The Lucy Poems

Interpretation

Nature

According to critic Norman Lacey, Wordsworth built his reputation as a "poet of nature".[83] Early works, such as "Tintern Abbey", can be viewed as odes to his experience of nature. His poems can also be seen as lyrical meditations on the fundamental character of the natural world. Wordsworth said that, as a youth, nature stirred "an appetite, a feeling and a love", but by the time he wrote Lyrical Ballads, it evoked "the still sad music of humanity".[84]

The five "Lucy poems" are often interpreted as representing Wordsworth's opposing views of nature as well as meditations on the cycle of life. They describe a variety of relationships between humanity and nature.[85] For example, Lucy can be seen as a connection between humanity and nature, as a "boundary being, nature sprite and human, yet not quite either.
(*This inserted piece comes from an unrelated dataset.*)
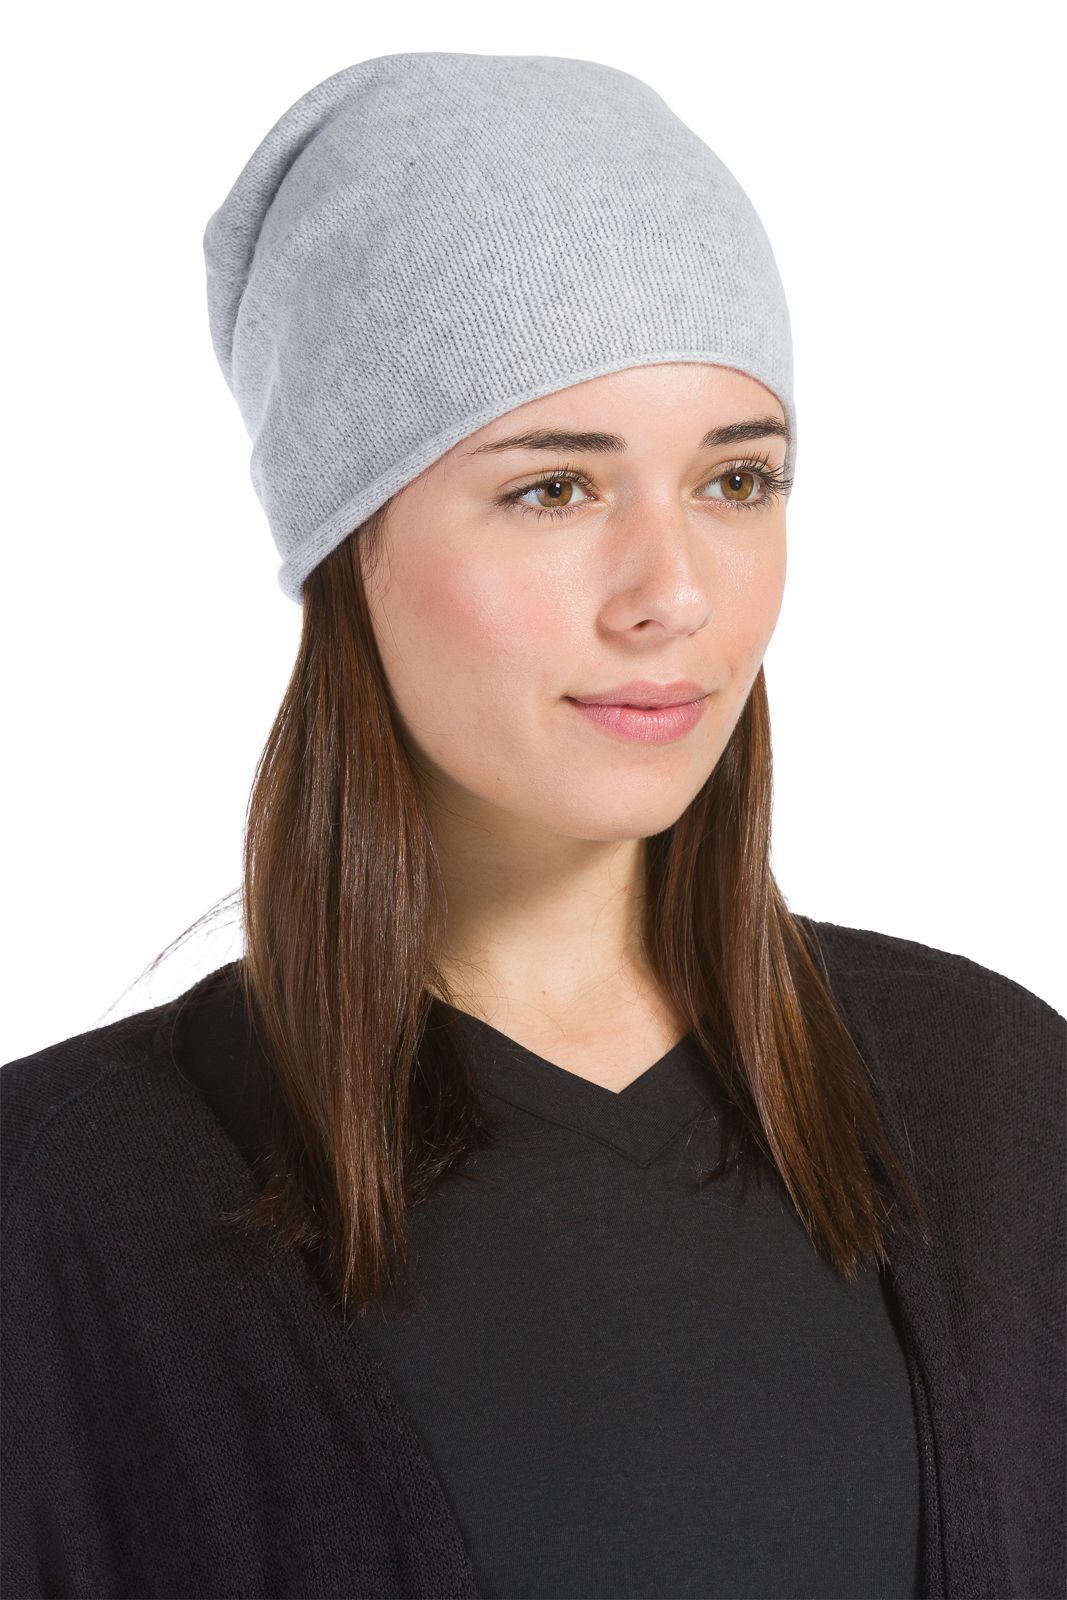 Women's 100% Cashmere Slouchy Beanie Hat Womens>Accessories>Hat Fishers Finery Light Gray One Size Fits Most

She reminds us of the traditional mythical person who lives, ontologically, an intermediate life, or mediates various realms of existence."[34] Although the poems evoke a sense of loss, they also hint at the completeness of Lucy's life—she was raised by nature and survives in the memories of others.[86] She became, in the opinion of the American poet and writer David Ferry (b. 1924), "not so much a human being as a sort of compendium of nature", while "her death was right, after all, for by dying she was one with the natural processes that made her die, and fantastically ennobled thereby".[87]

Cleanth Brooks writes that "Strange fits" presents "Kind Nature's gentlest boon", "Three years" its duality, and "A slumber" the clutter of natural object.[88] Other scholars see "She dwelt", along with "I travelled", as representing nature's "rustication and disappearance".[85] Mahoney views "Three years" as describing a masculine, benevolent nature similar to a creator deity. Although nature shapes Lucy over time and she is seen as part of nature herself, the poem shifts abruptly when she dies. Lucy appears to be eternal, like nature itself.[89] Regardless, she becomes part of the surrounding landscape in life, and her death only verifies this connection.[90]

The series presents nature as a force by turns benevolent and malign.[91] It is shown at times to be oblivious to and uninterested in the safety of humanity.[92] Hall argues, "In all of these poems, nature would seem to betray the heart that loves her".[93] The imagery used to evoke these notions serves to separate Lucy from everyday reality. The literary theorist Frances Ferguson (b. 1947) notes that the "flower similes and metaphors become impediments rather than aids to any imaginative visualization of a woman; the flowers do not simply locate themselves in Lucy's cheeks, they expand to absorb the whole of her ... The act of describing seems to have lost touch with its goal—description of Lucy."[94]

Death

The poems Wordsworth wrote while in Goslar focus on the dead and dying. The "Lucy poems" follow this trend, and often fail to delineate the difference between life and death.[35][95] Each creates an ambiguity between the sublime and nothingness,[96] as they attempt to reconcile the question of how to convey the death of a girl intimately connected to nature.[97] They describe a rite of passage from innocent childhood to corrupted maturity and, according to Hartman, "center on a death or a radical change of consciousness which is expressed in semi-mythical form; and they are, in fact, Wordsworth's nearest approach to a personal myth."[98] The narrator is affected greatly by Lucy's death and cries out in "She dwelt" of "the difference to me!". Yet in "A slumber" he is spared from trauma by sleep.[99]

The reader's experience of Lucy is filtered through the narrator's perception.[100] Her death suggests that nature can bring pain to all, even to those who loved her.[101] According to the British classical and literary scholar H. W. Garrod (1878–1960), "The truth is, as I believe, that between Lucy's perfection in Nature and her death there is, for Wordsworth, really no tragic antithesis at all."[102] Hartman expands on this view to extend the view of death and nature to art in general: "Lucy, living, is clearly a guardian spirit, not of one place but of all English places ... while Lucy, dead, has all nature for her monument. The series is a deeply humanized version of the death of Pan, a lament on the decay of English natural feeling. Wordsworth fears that the very spirit presiding over his poetry is ephemeral, and I think he refuses to distinguish between its death in him and its historical decline."[103]